By employing an agent-based approach, we show that the results from prior research are complementary rather than conflicting. Specifically, we show in Fig 4A that groups which periodically adapt may gain from low and moderate levels of individual learning for tasks of low complexity. This aligns with the interpretation given by [49] of group adaptation and individual learning complementing each other. The positive impact of group adaptation on task performance, however, disappears if individual learning is high enough. In contrast, when tasks are moderately complex, frequent group adaptation may reduce the otherwise positive impact of individual learning, decreasing task performance (see Fig 4B). Our results, thus, are also consistent with the theoretical insights of [50]. Overall, results suggest that the the effect of group adaptation on task performance depends on the learning context. Groups that do not adapt frequently only rely on individual learning to obtain new knowledge. When learning is very low, these groups may struggle in finding new solutions to the task. In contrast, groups that adapt frequently may overcome these limitations by changing their composition, integrating new members within their ranks who possess knowledge not yet available in the group [51]. Conversely, when individual learning is high enough—and, thus, sufficient knowledge is available to the group—group adaptation is not advantageous in terms of performance.

5.3 Group adaptation and the moderating effect of the interdependence structure

This section extends the analysis of the overall effects presented in Section 5.1 by simultaneously considering variations in the interdependence structure (see Fig 2), task complexity, and the frequency of group adaptation. To simplify the analysis, we eliminate the effect of individual learning by fixing the probability to . We run six neural network regressions (see Table 2 in S1 Appendix) and represent graphically in Fig 5A and 5B the partial dependencies of task complexity on the interdependence structure for each group adaptation and task complexity scenario.

Fig 5. Partial dependencies between task performance and interdependence structures.

When task complexity is low, the results show that the interdependence structure indeed has a moderating effect, especially in regards to how agents experience an influence from other agents.
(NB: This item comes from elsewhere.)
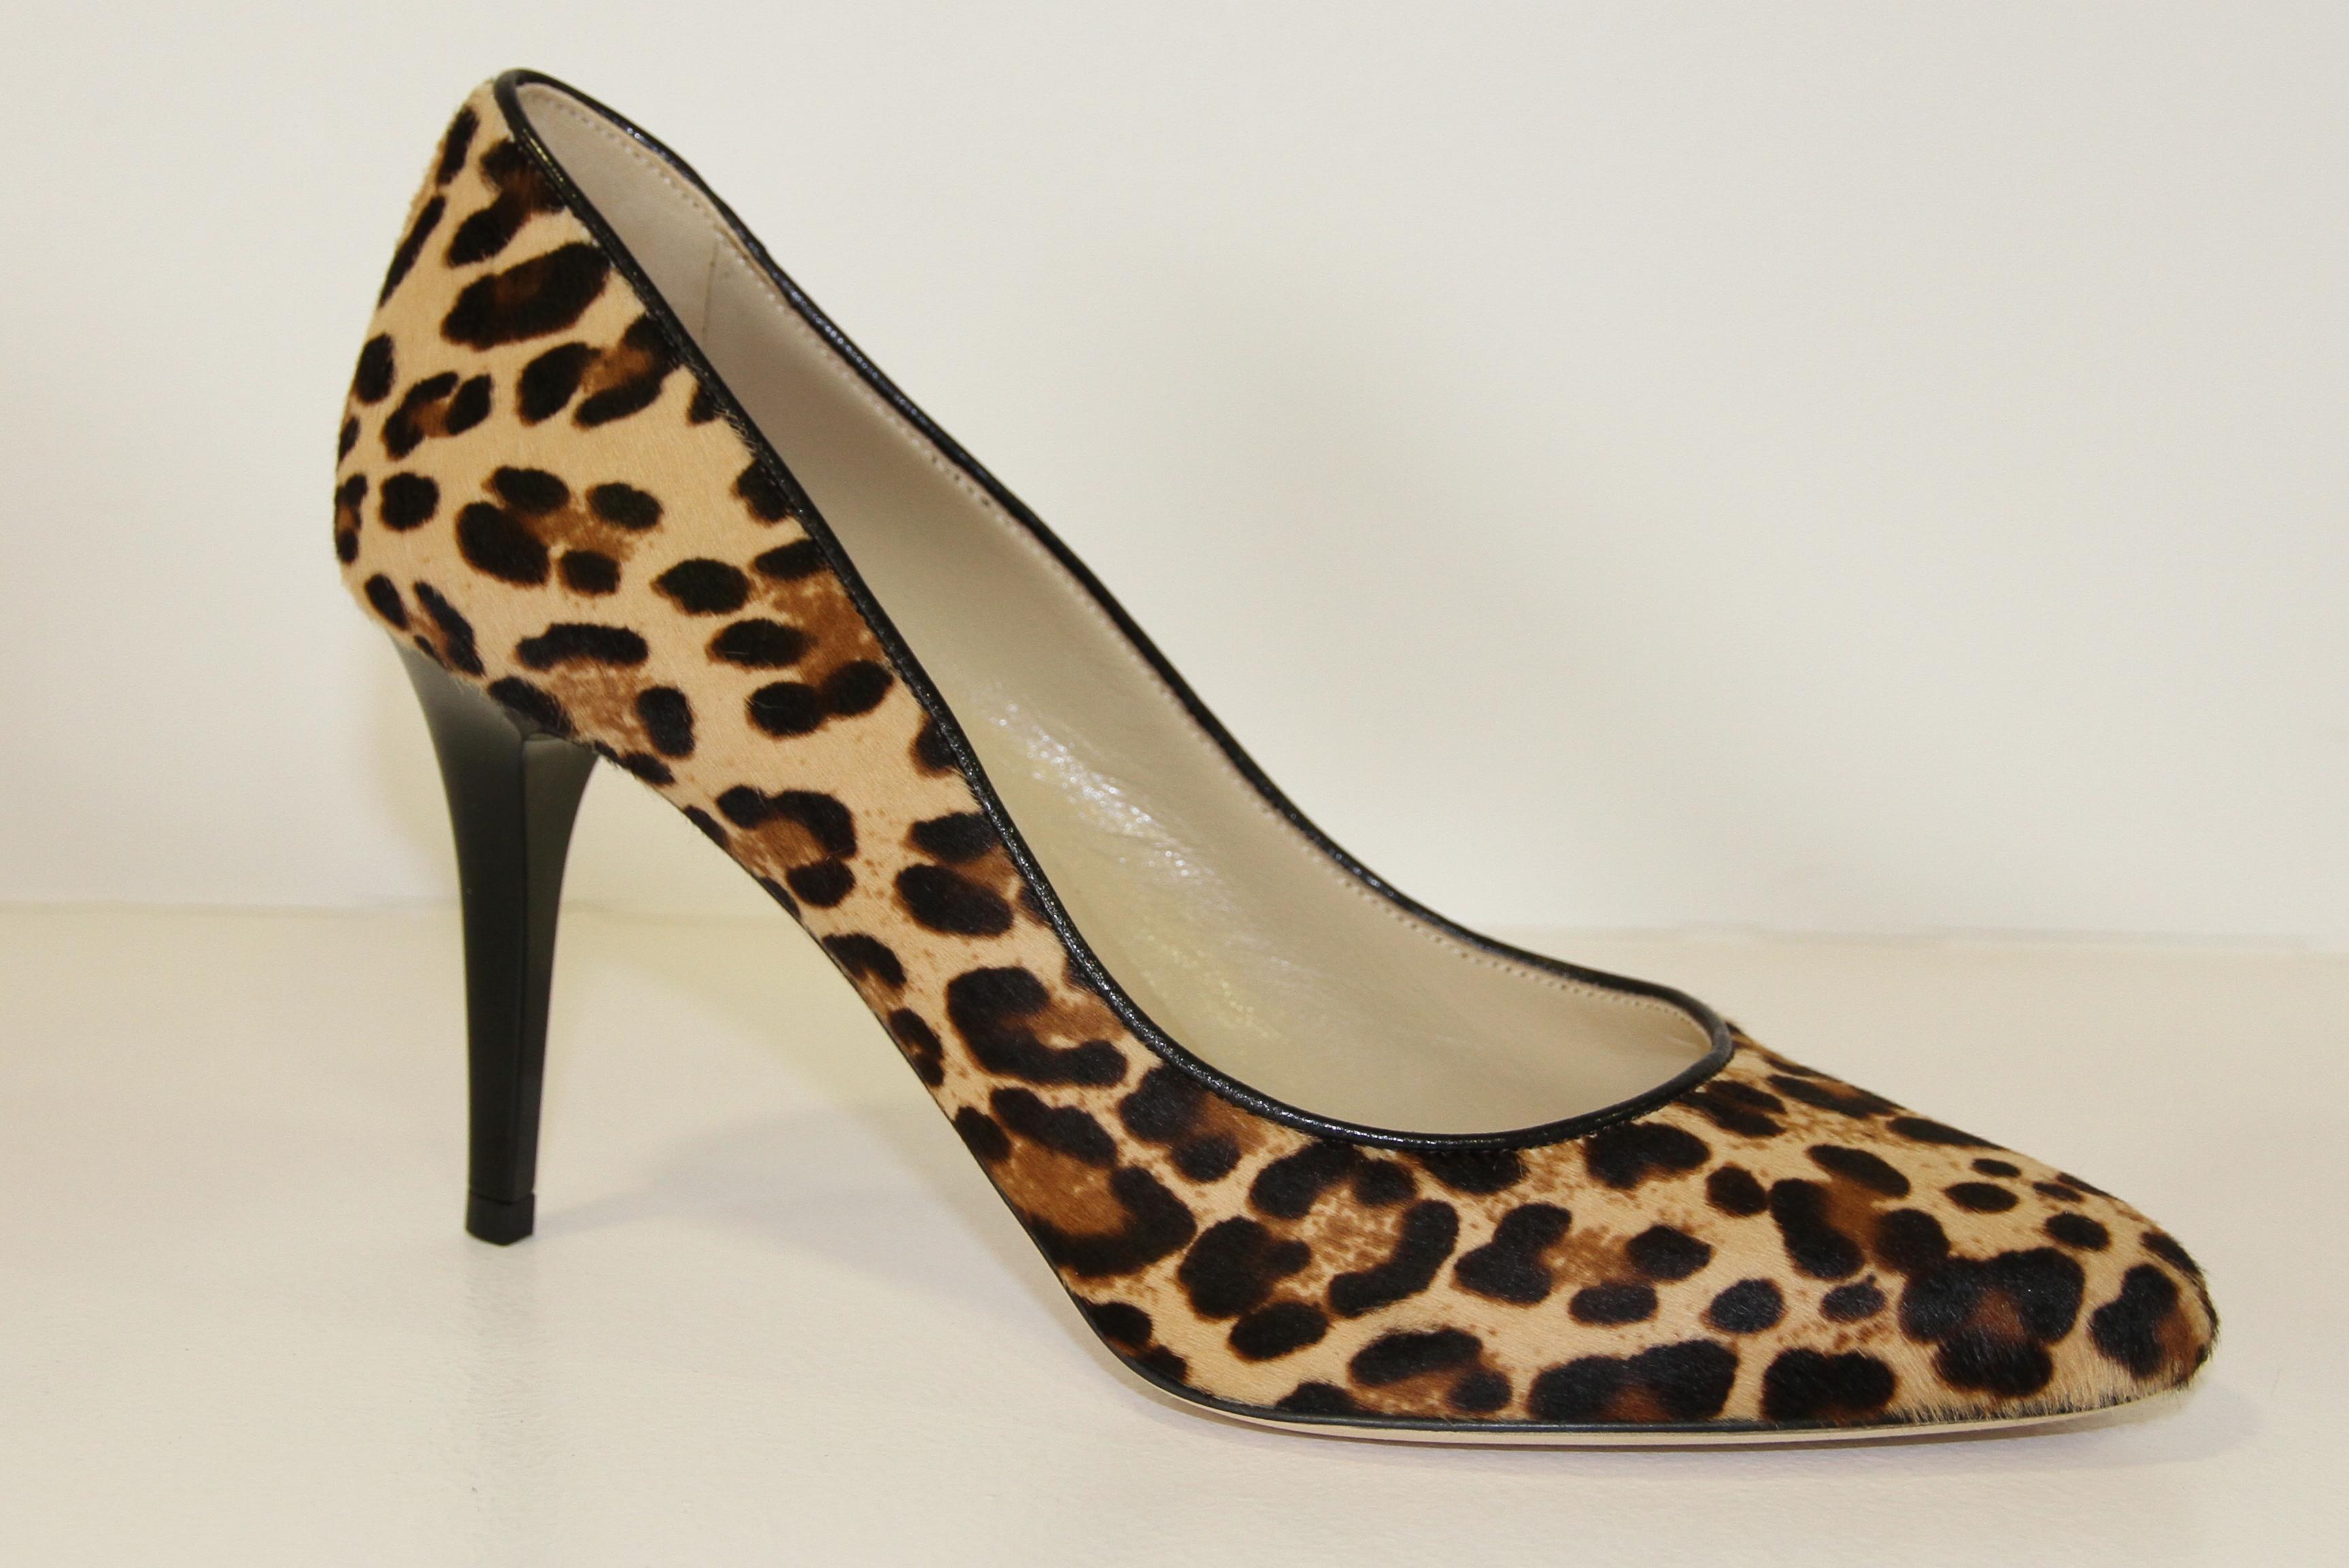 e8a0b9ac020ee escarpin leopard jimmy choo rouen - Le Buzz de Rouen

In the case of a block structure, there are no interdependencies across subtasks, the performance is the highest, and there are no differences in performance between frequencies of group adaptation. When there is a dependent structure, one agent is influenced from outside their area of responsibility. The performances are lower than in the case of a block structure, but there are no differences in performance between frequencies of group adaptation. In the cases of a centralised, hierarchical or local structure (see Fig 2), two agents are influenced by the other agents’ decisions. In these cases, the following moderating effect unfolds: Groups that adapt (τ = 1 or 10) are better off than groups that do not adapt (τ = ∞). It is also worth noting that it is almost negligible how often groups adapt since similar average performances can be observed for frequent and moderate adaptations. In the case of a random interdependence structure (see Fig 2), all three agents are influenced by the other agents’ decisions. Again, we observe a relatively lower average performance for groups with a long-term composition. Conversely, groups with a short-term composition perform higher on average. Our results suggest that as interdependencies spread throughout the task, performance decreases, even if their number is relatively low. Thus, the number of agents who experience influence from other agents seems to be relevant for task performance. These results align with [19, 52], who argue that self-contained structures (the block pattern in our case) result in higher task performances, while interdependencies between subtasks come at the cost of performance.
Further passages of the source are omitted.